Tuesday, May 27, 2008

We live on Drury Lane

Here at Casa Linguini we take our triumphs where we can get them.

To that end, here are a few culinary successes over the past week.

First and that of which I am most proud, are the perfect hard boiled egg.

Okay, maybe this isn’t impressive to you, but I have an ongoing battle with hard boiled eggs. My criteria for perfection is that they are easy to peel without any of the white having to be pocked by fingernails and the yolk must not have any gray in it. I don't even demand that the yolk remain perfectly centered in the largest part of the oval -- only that they don't resemble spackle.

In spite of following all the myriad of “fool prooftips for the perfect hard boiled egg, I have never achieved the goal of all the eggs in the batch I’m making turning out perfect. I may get one perfect one, but the rest will have that gray coating around the yolk; or the entire white will split; or the shell will come off in little tiny splinters.

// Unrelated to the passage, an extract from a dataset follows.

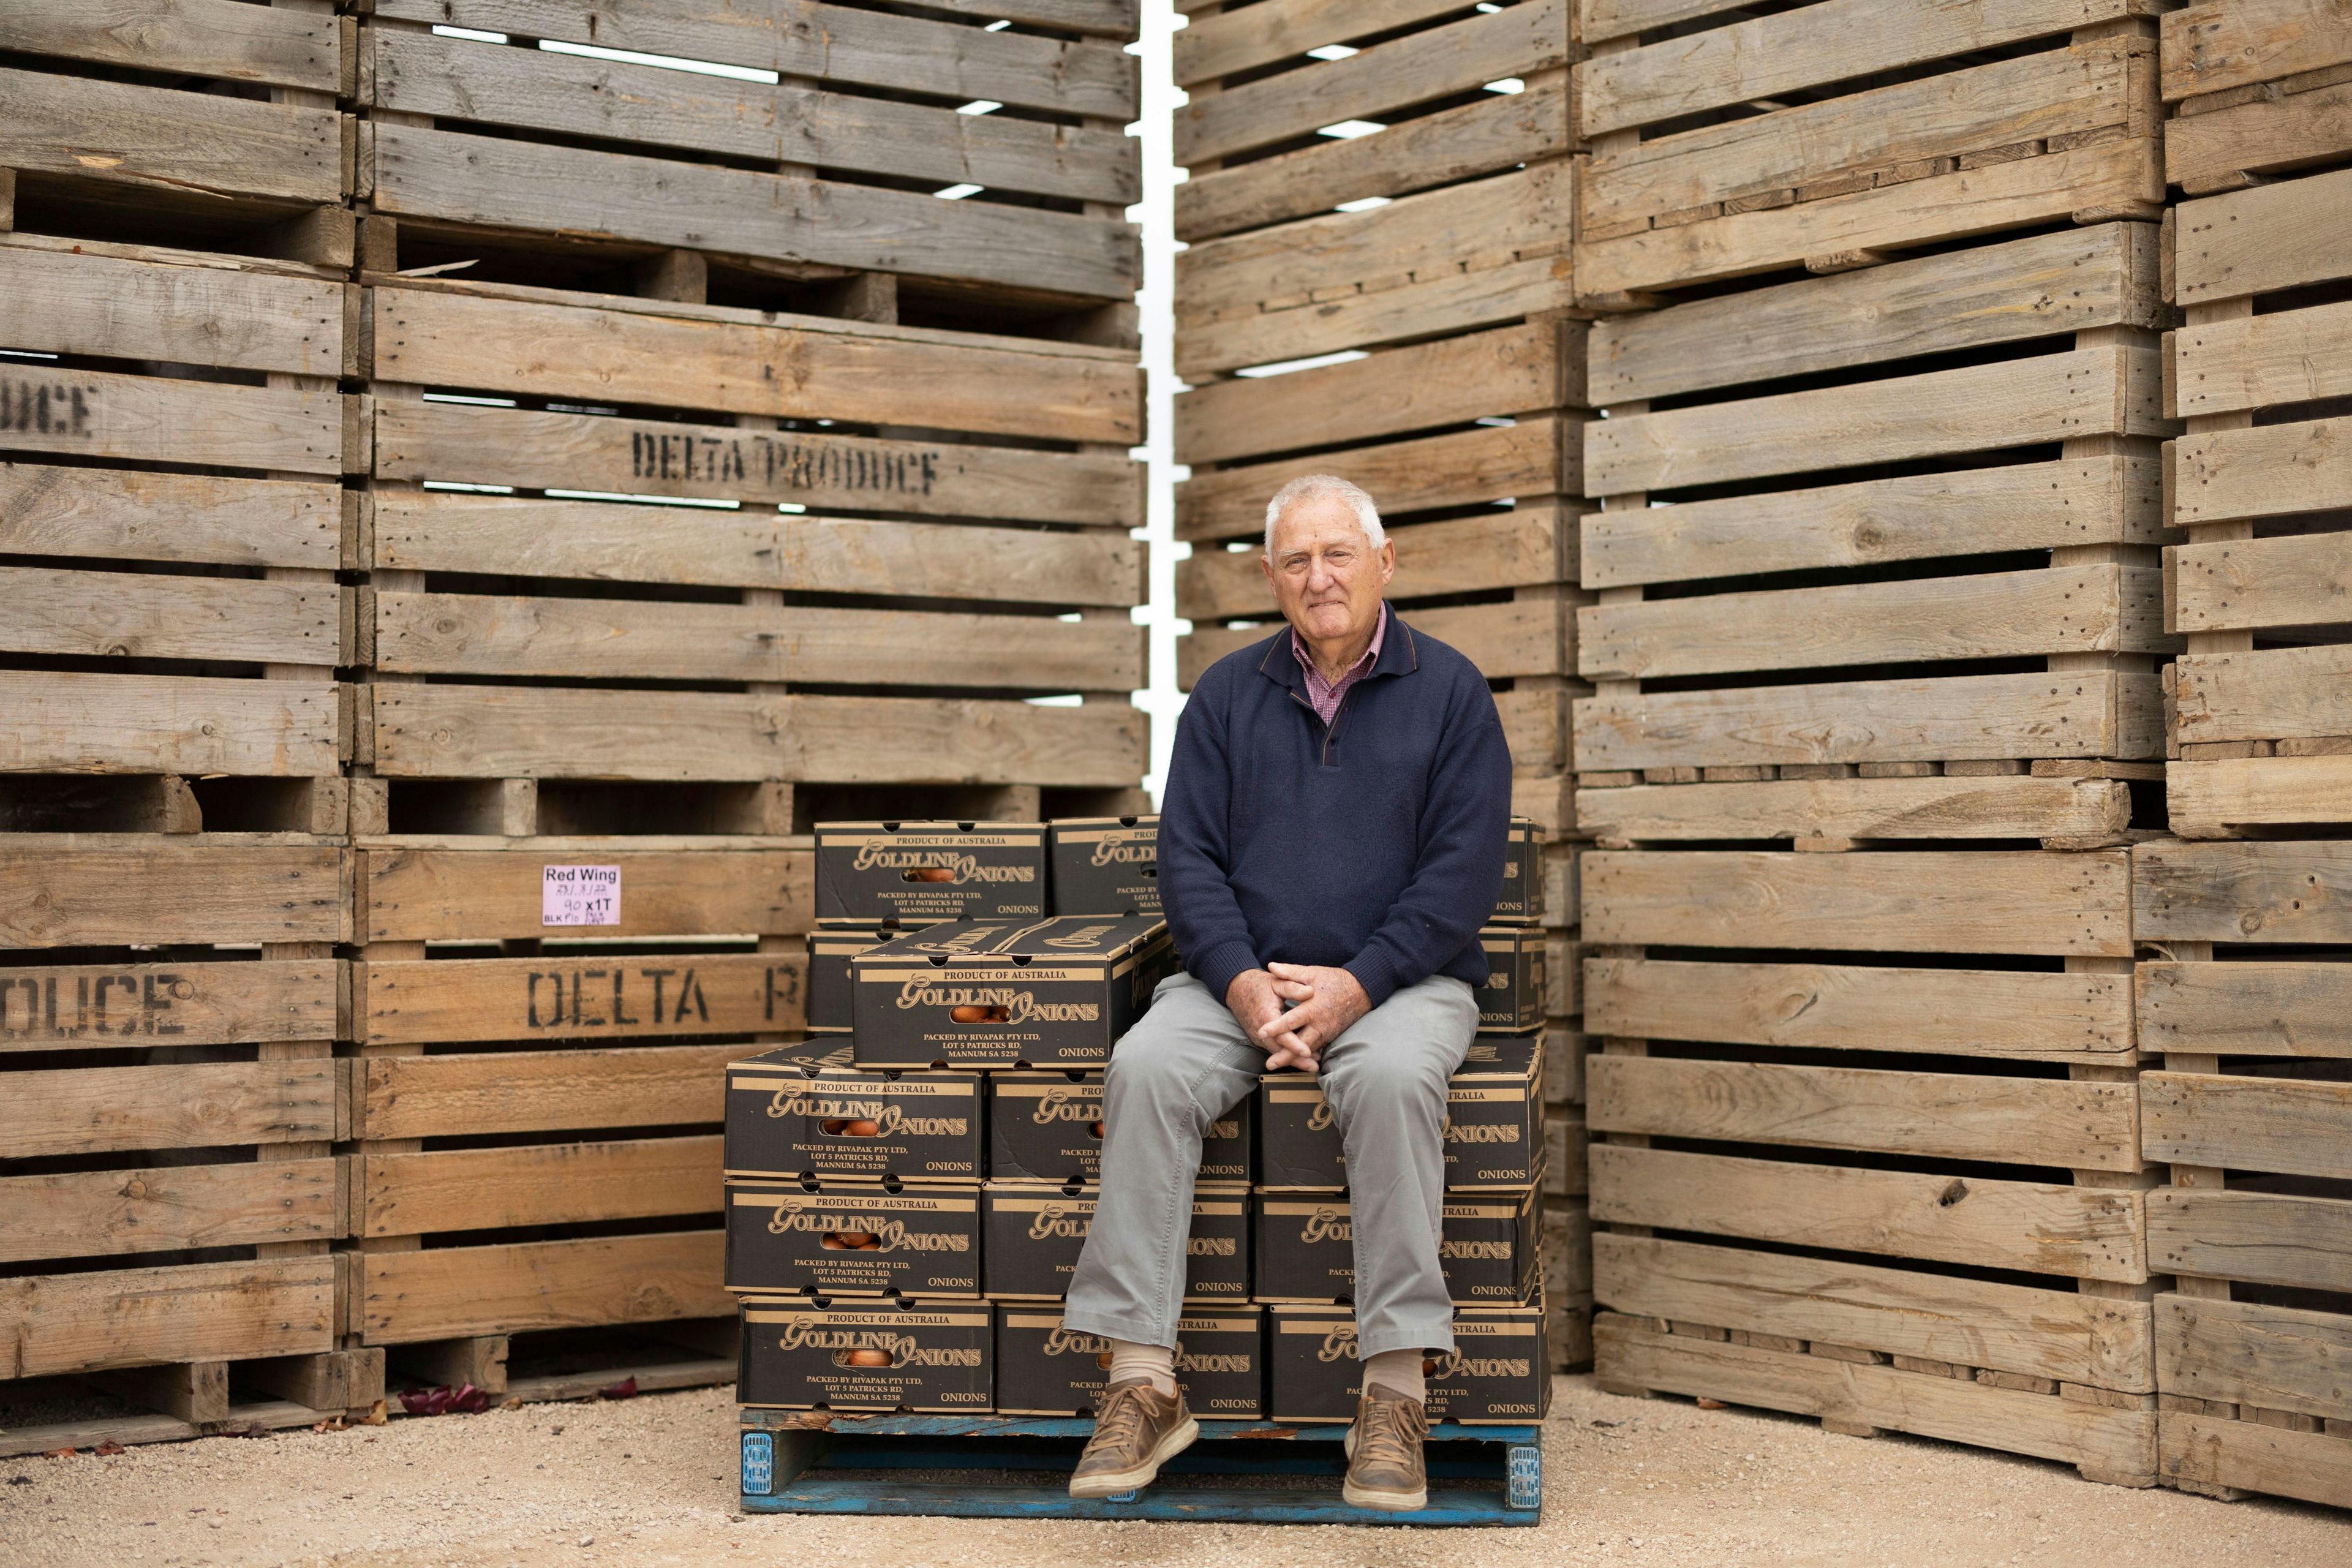 Riverpak onion farmer sitting on onion boxes surrounded by crates

But behold! Eggy perfection with which to torture Heir 2, who absolutely hates hard boiled eggs.

This was part of our Tuesday dinner salad, since I refuse to turn on air conditioning until the last two weeks in July and I didn’t want to heat up the whole house.

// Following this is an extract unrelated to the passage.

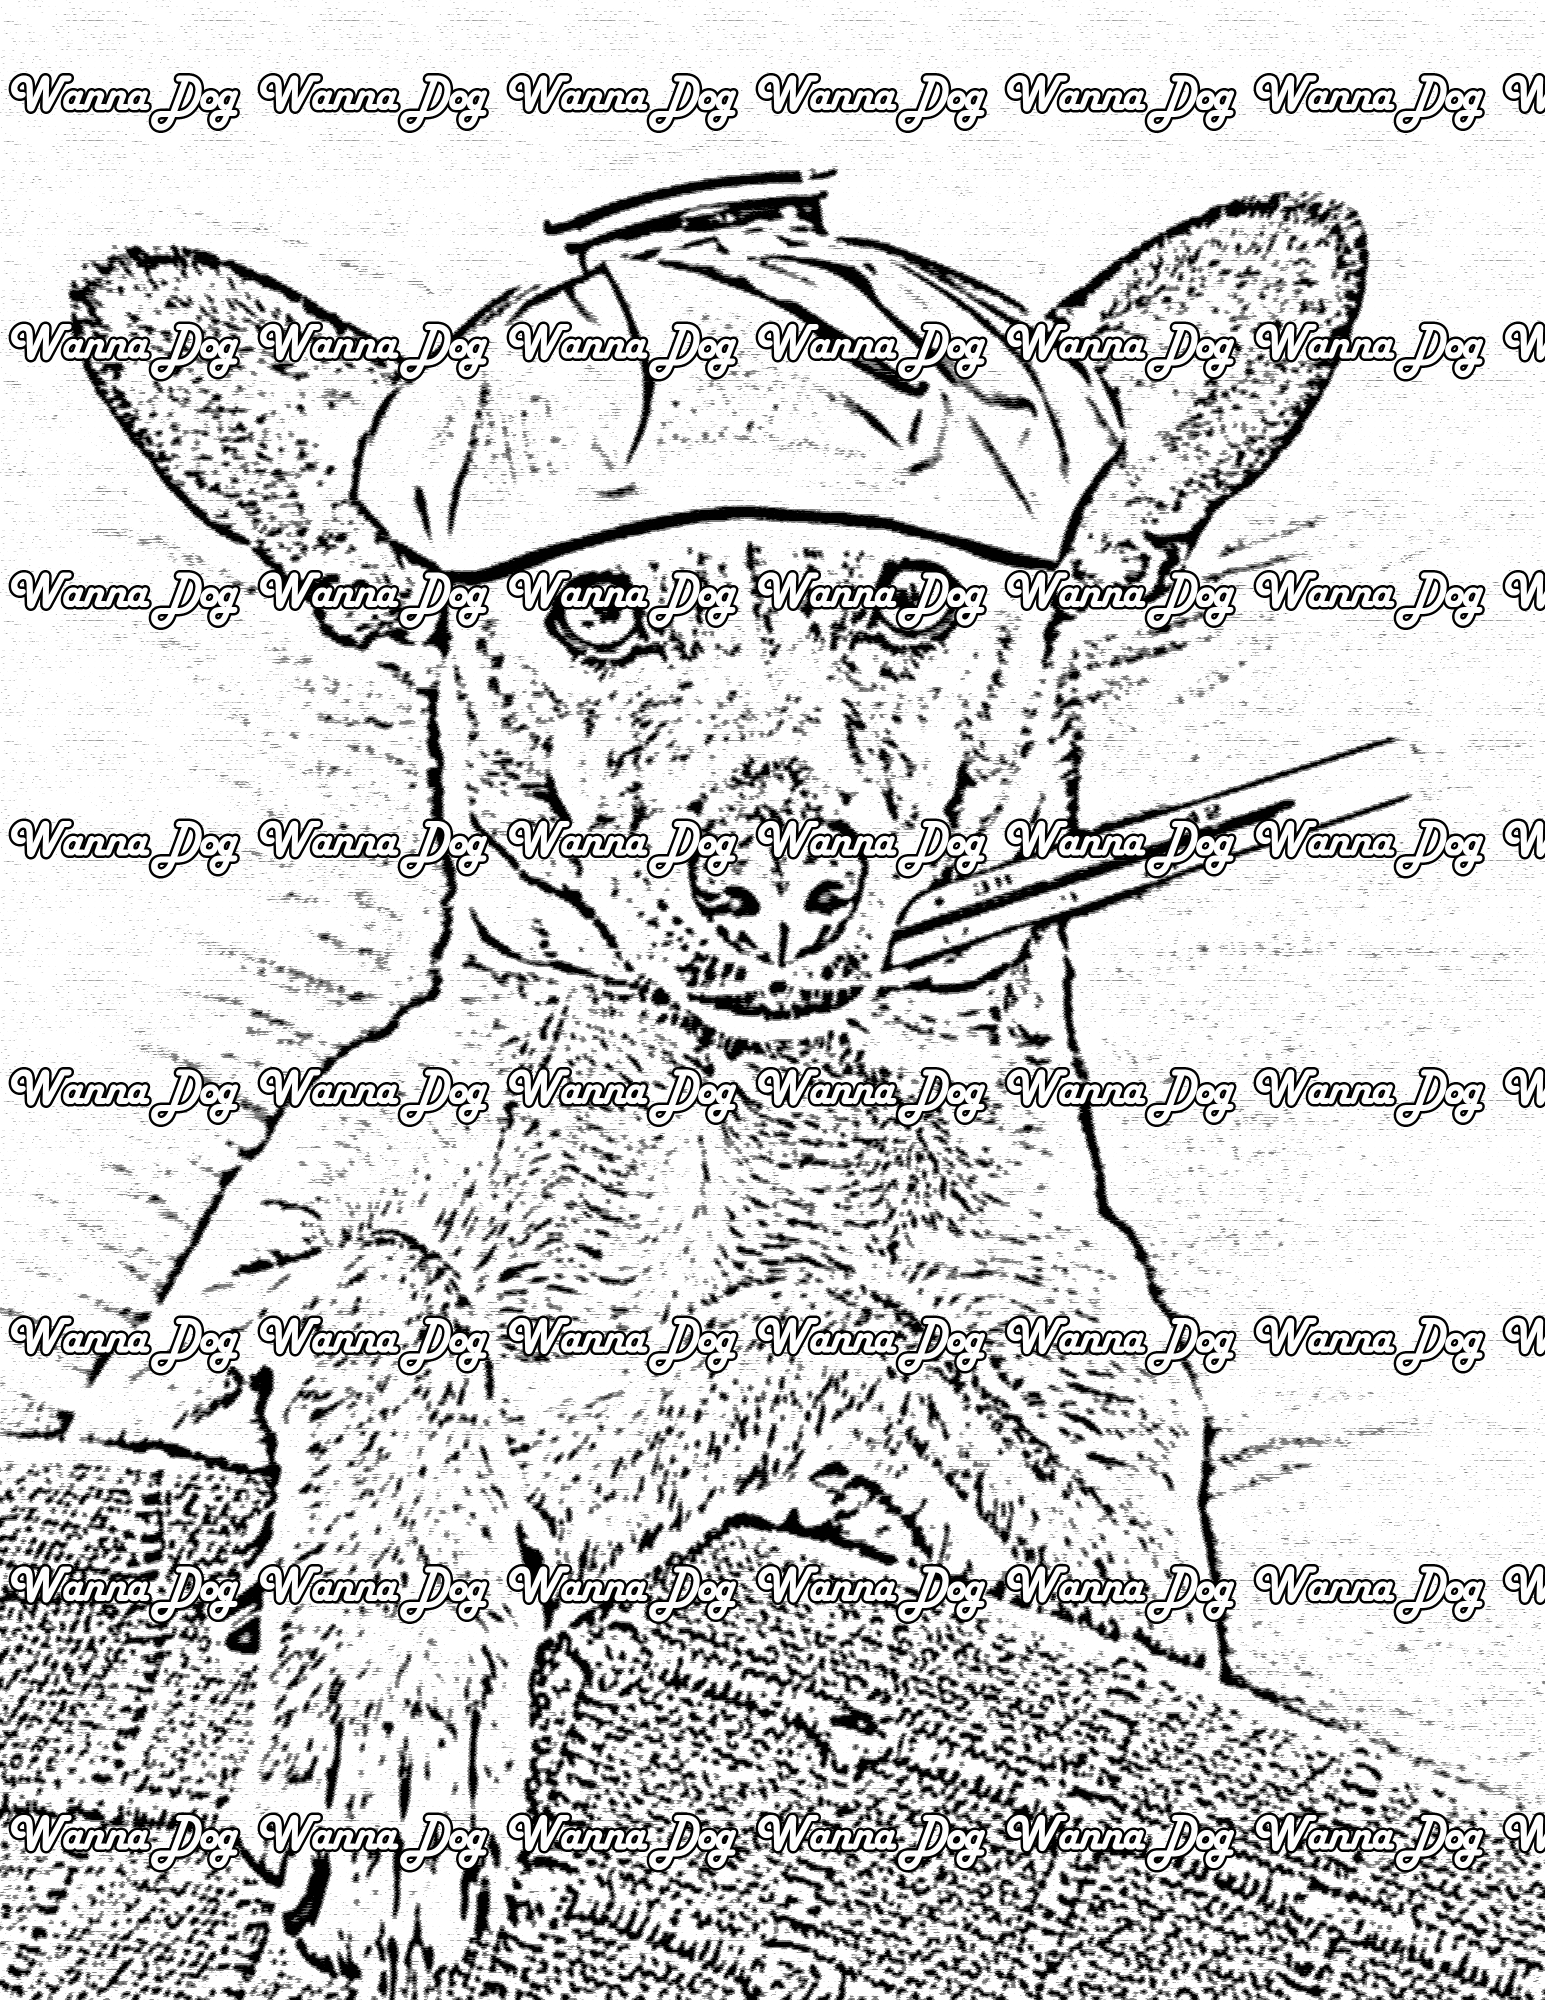 Chihuahua Coloring Page of a Chihuahua taking a sick day from work

The other minor triumph was actually a mistake that turned out well.

Oatmeal banana blueberry muffins. No sugar. Not on purpose, mind you. I simply forgot because I was making lemonade at the same time and put the sugar destined for the muffins in the lemonade and then forgot about the muffin batter. Still, two dozen muffins didn’t last 24 hours, so it couldn’t have been that bad.

Just one more thing:

Do you know the Muffin Man?


7 comments:

benning said...

I have a push pin I keep in the silverware drawer. (Yeah, like I have silver! Hah!) When I boil eggs I carefully poke a hole in the fat end of the egg. This allows the sulphur in the egg, which colors the yolk greenish-gray, to escape while boiling. Helps the flavor, too. It also allows water to enter the shell and makes the removal of the shell a lot easier.

I HATE eggshells that won't come off the egg! I don't really care about the color of the yolk, but I saw that pin bit on a cooking show once and tried it. It worked pretty well.

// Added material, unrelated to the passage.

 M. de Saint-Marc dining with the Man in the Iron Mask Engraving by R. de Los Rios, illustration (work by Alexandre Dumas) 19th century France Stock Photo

My Grandpop's method to make the shells slide off easier was to crack the cooled egg, peel off a bit on one end, then blow into the shell. Same idea, I guess: put moisture around the egg inside the shell.

benning said...

By the way ... fresh eggs are harder to peel than older eggs. Just so you remember! LOL

Darkgarden said...

Wow... no black n' blue middle by the yellow! Awsome!

The muffin-man is getting skin cell and hair debris on the muffins.

I too dislike the whole egg-peeling thing. Can't get it down. I love hard boiled eggs though.

How did you keep it from discoloring at the borderline? I've tried some of the handy tips. They didn't work.

Sisiggy said...

benning: Okay. These are new tips I'll have to try. So it's the sulpher, huh?

DG: All those muffins were his muffins. He dragged them into his cage and were never seen again.

Don't know what I did to deserve the perfect eggs. Like I said, I can usually get one, but all of them came out perfect.

I always thought it was overcooking the eggs that caused the gray/green crud. Benning says its the sulfur. Maybe it's both. All I know is I started out with cold water in that cephalon sauce pot I have, brought it to a boil (with the lid on because the cephalon takes too long to come to a boil otherwise), once it was at a rolling boil, pulled it off the burner and set the time for 12 min. At 12 min., I dumped the hot water and ran it under cold for a good, long time.

If it works again, I'll deem it a "system." Until that time, I'm treating it as a fluke.

Anonymous said...

Am I too old to be adopted?
Because I would APPRECIATE all the cooking and wouldn't gripe AT ALL about grey on eggs if you would just let me have the salads and muffins and such. And lemonade! And dogs!
Sigh. Your family is so lucky.

Darkgarden said...

I knew it was the sulfer. I can't see the poking a pin thing. Wouldn't you then have, like, some stringy trail of eggy-goo turning into stuff that looks like egg drop soup then? ... or like, the eggs will look like a really fat fish with a trail of poo bobbing around in the water.

So you had the eggs in from the get-go, or you added them after the water boiled and you took pot off burner?

Sisiggy said...

Trasherati: Sure! We'll adopt you! You'll just have to share the basement with Heir 1 and his troll friends... Oh, and learn to eat fast. It all goes very quickly.

DG: According to Dirtman (he of the poultry degree) the piercing of the large end of the egg apparently breaks some sort of gas pocket in the egg and for some reason this means it won't seep out. I've heard about using this method to prevent cracking, but it has to be a really, really thin pin.